Please show output of "set" command at this point.

> So, set debug=all helped a little, expanding the message
> from just something like (I'd have to keep trying to
> reboot to get it verbatim) read or write bad, to
> the specific size of the partition (in decimal, around
> 175 million 512-byte blocks) and the sector it is trying
> to read (read.c:461) (in hexadecimal), around 10 million.
> But 10 million hex really is larger than 175 million
> decimal.
> 
> So maybe my BIOS has some limitation on how deep it can
> read into this 2 TB drive, or maybe the drive having
> hardware sectors of 4096 bytes replacing one with
> 512 confuses grub.  But the old drive with the failures
> gets the same problem.
> 
> It's gentoo, grub2 (I could look up the version once it's
> running again), 64-bit (although grub seems not to really
> notice 32- vs 64-bit, or the kernel, so I'm not sure it's
> just smart or really dumb), and, like I say, the / partition
> is RAID-6, including /boot.  I'm going to try making a
> non-RAID /boot, maybe later I'll try making it RAID-1,
> to see if that helps.
> 
> Any advise?
> 
> Thanks.
> 
> --
> Open WebMail Project (http://openwebmail.org)
> 
> 
> _______________________________________________
> Grub-devel mailing list
> Grub-devel@gnu.org
> https://lists.gnu.org/mailman/listinfo/grub-devel



^ permalink raw reply	[flat|nested] 6+ messages in thread

* Re: grub rescue read or write sector outside of partition
  2015-06-26  0:33 grub rescue read or write sector outside of partition Dale Carstensen
  2015-06-26  8:11 ` Andrei Borzenkov
@ 2015-06-26  8:21 ` Fajar A. Nugraha
  1 sibling, 0 replies; 6+ messages in thread
From: Fajar A. Nugraha @ 2015-06-26  8:21 UTC (permalink / raw)
  To: The development of GNU GRUB

On Fri, Jun 26, 2015 at 7:33 AM, Dale Carstensen <dlc@lampinc.com> wrote:
> Somewhere I found that grub rescue has only a few commands, none
> of them "help" or a list of commands, and no TAB-expansions.
> Well, they seem to be ls, set, unset and insmod.  Supposedly,
> running insmod normal, then normal, will get back to the
> fuller set of commands with help, but that's where it gets
> the "outside of partition" error, it seems.

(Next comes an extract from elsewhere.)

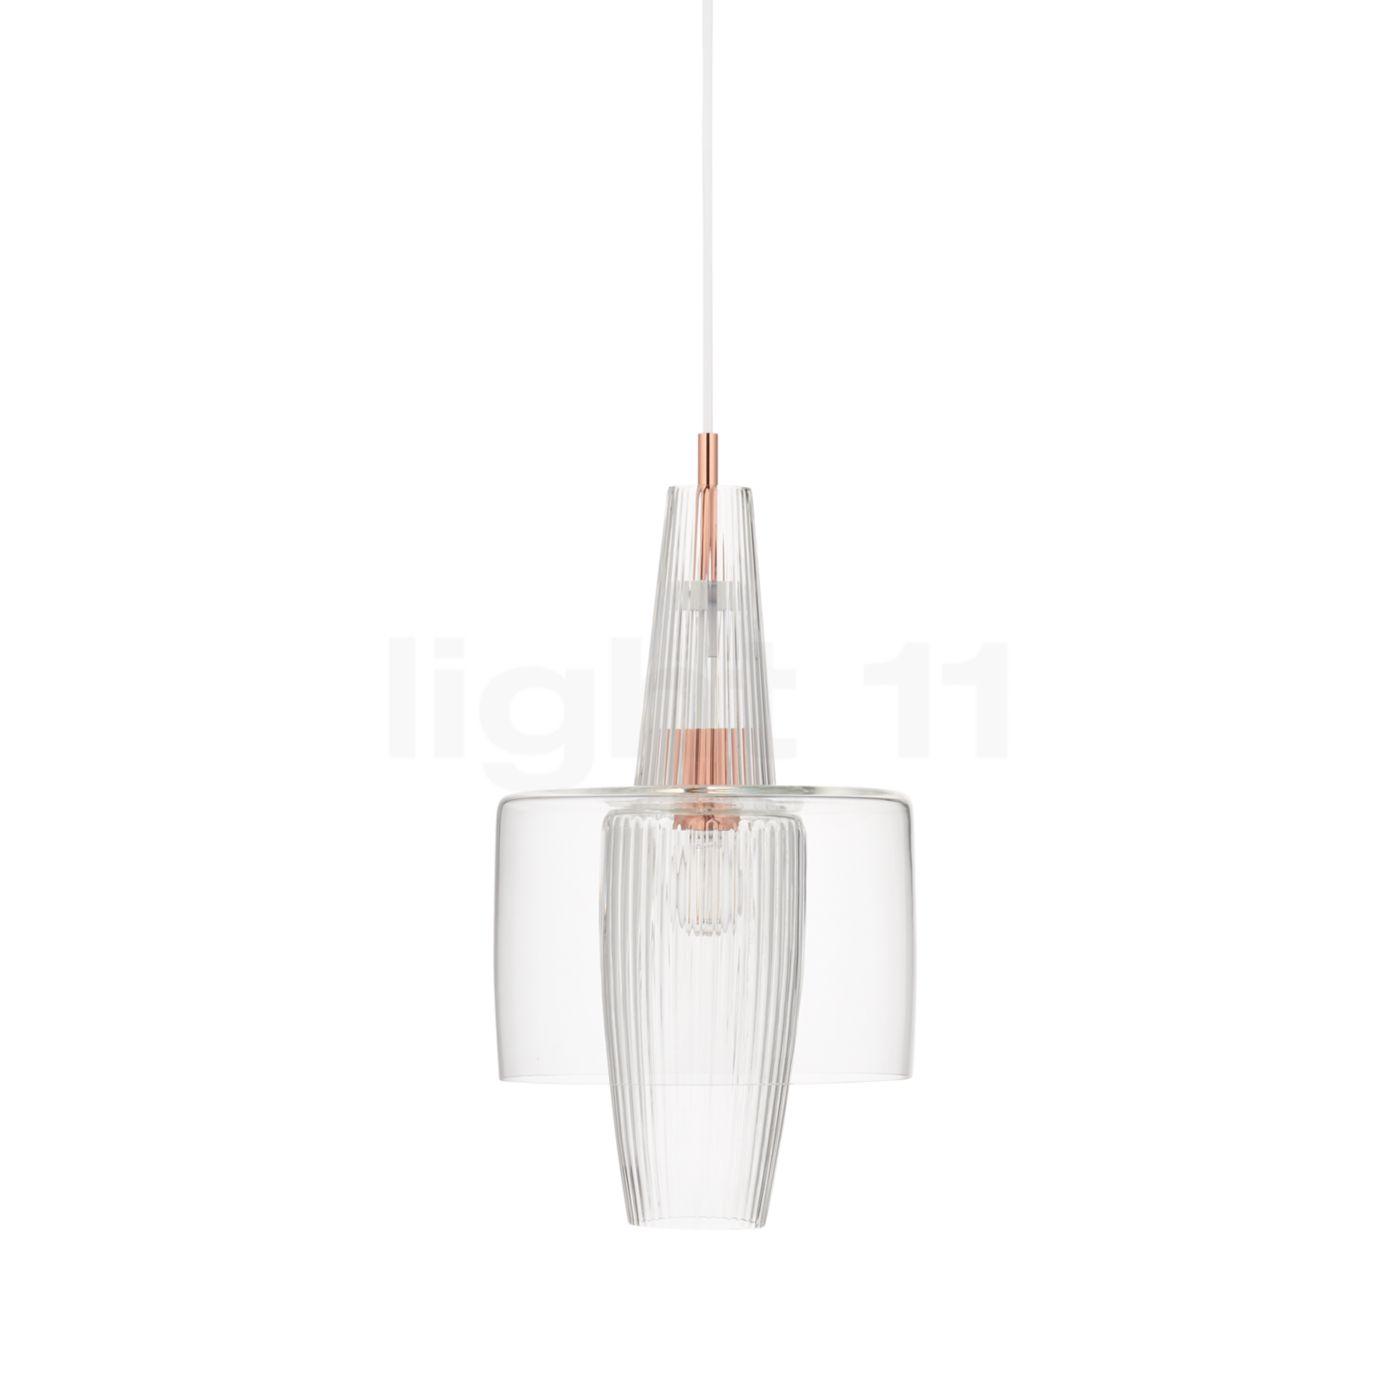 Mawa Gangkofner Venezia Pendelleuchte kristall, transparent, Kabel weiß/Rosé gk-ven-cc-9016-rg2-wt

You could include the modules you want in grub image so you can get
tab expansion even when you got dropped to grub rescue prompt. Or
include whole bunch of modules so you can boot even without the module
directory. Some modules will be automatically included as dependency
of another module, so for example if you include "ls" then "normal"
will automatically be included

This is what I use:

grub-install --modules="all_video help cat echo ls search test
part_gpt part_msdos loopback fat ntfscomp ext2 btrfs xfs zfsinfo
iso9660 configfile linux chain boot" /dev/sda

-- 
Fajar


^ permalink raw reply	[flat|nested] 6+ messages in thread

* Re: grub rescue read or write sector outside of partition
  2015-06-26  8:11 ` Andrei Borzenkov
@ 2015-06-27 22:17   ` Dale Carstensen
  2015-06-28  6:01     ` Andrei Borzenkov
  0 siblings, 1 reply; 6+ messages in thread
From: Dale Carstensen @ 2015-06-27 22:17 UTC (permalink / raw)
  To: Andrei Borzenkov; +Cc: grub-devel

TL;DR it looks to me like grub has a problem with leaving failed
mdadm RAID6 members around

Thanks to Fajar A. Nugraha for the advice about --modules for
grub-install (seems to me to be undocumented).  I managed to
stumble through without enhancing the commands for "grub rescue",
but it's good to know I could have.

I still have a question, though.

The grub.cfg file has menuentry nesting, with an outer name of
"Gentoo GNU/Linux", and inner names by version/recovery.  But
I can't find any documentation of how to navigate to choose,
say, 3.8.11, now that I've made 4.0.5 default.  Seems to me
all the lines used to show up.  Maybe I manually took out the
nesting before??

So what key(s) drill down into sub-menus on the grub menu?
Did I miss it in the info page / manual?

>Date:   Fri, 26 Jun 2015 11:11:14 +0300
>To:     "Dale Carstensen" <dlc@lampinc.com>
>cc:     grub-devel@gnu.org
>From:   Andrei Borzenkov <arvidjaar@gmail.com>
>Subject: Re: grub rescue read or write sector outside of partition

> Thu, 25 Jun 2015 17:33:25 -0700
>"Dale Carstensen" <dlc@lampinc.com> :
>
>> I had a drive fail, and it is the one that had grub on it.
>> It had parts of two RAID-6 partitions, too.  So I bought a
>> new drive and added partitions on it to replace the failed
>> RAID-6 parts.  That was still booting OK from the failed
>> drive, but then I updated the kernel, and I decided to also
>> install a new grub on the new drive.
>
>How? Please show exact commands you used as well as your disk
>configuration.

The bash history is long gone.  My feeble memory is that it
was simply

 grub2-install /dev/sdf

and it responded there were no errors.

Eventually I booted from a DVD and used chroot to do

 grub2-install /dev/sdb

The disk configuration, as shown by /proc/mdstat, is:

md126 : active raid6 sdf8[5] sdd1[4] sdc1[3] sdb1[2] sda1[1]
      87836160 blocks super 1.2 level 6, 512k chunk, algorithm 2 [5/5] [UUUUU]
      
md127 : active raid6 sdf10[5] sdd3[4] sdc3[3] sdb3[2] sda3[1]
      840640512 blocks super 1.2 level 6, 512k chunk, algorithm 2 [5/5] [UUUUU]
      bitmap: 1/3 pages [4KB], 65536KB chunk

/ is mounted from md126p1, /home from md127p1.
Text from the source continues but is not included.